The mistake I made was in defying the silicon moulds. I didn't have enough, so thought "hey, why don't I just put some paper cupcake cases into a large rectangular dish?". Do not do this. This is the second-stupidest thing I have done all year*. In case - like me - you haven't picked up on the obvious: there is a point to cupcake moulds. Paper cases do not keep their shape. You will end up with a big blob of a cake-like substance rippled through with paper cases.

Thankfully I had a brain-wave and recovered the situation by allowing them to cool, cutting them into smaller square shapes, and placing them delicately in the remaining cupcake cases. Of course there was a second disaster in that they turned out to have not actually cooked all the way through due to the lack of space between cupcakes, but this allowed the second brainwave of pushing the not-quite-fully-cooked bits cut off the sides into the magical silicon cupcake moulds before the second attempt at cooking them through, which left me with the bonus of having Drunken Cupcake Snacks when I got home in the middle of the night.
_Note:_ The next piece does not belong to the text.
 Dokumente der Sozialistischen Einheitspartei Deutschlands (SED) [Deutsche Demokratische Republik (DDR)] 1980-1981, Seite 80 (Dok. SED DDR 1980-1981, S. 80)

The Baklava Squarecakes were very well received and I can testify - on the basis of extensive testing of the square, cups and scrappy bits - that they taste mighty fine. Mighty fine indeed.


*The stupidest thing I have done all year is the fatal decision to take the number 100 bus home last Tuesday during the torrential downpour. This led to me spending more than an hour and a half on a hot and damp bus surrounded by wet people and their even wetter umbrellas and bags as we made a tour of all of London's traffic jams in defiance of the usual 40 minute travel time. I nearly cried.



On a happier note:

The Lemon Meringue Cupcakes

Lemon Meringue Cupcakes are the One Of The Best Things Ever. They are not-too-difficult to make, look amazing, and taste like heaven.

Essentially you: make a plain vanilla cupcake, only 3/4 filling the moulds and only 3/4 cooking them. Scoop out the centre. Put in a big fat dollop of lemon curd (I home-make mine but will only judge you a little bit if you buy it in a jar). Put an even bigger, fatter dollop of uncooked meringe on top, and bake just a couple of minutes until they start to look brown.

Et voila:

These specific ones were made for a Ladies Afternoon Tea Party.
Please note the glorious silicon cupcake moulds, which both
look good and slip off without even a hint of sticking.


My tip to enhance the experience of these is to scrunch the bits of scooped-out cupcake into the bottom of a smallish dish (or larger muffin moulds), spread on your leftover lemon curd, ditto with the meringue, and you have some mini- lemon meringue pies for that all-important Drunken Midnight Snack/ Hangover Breakfast.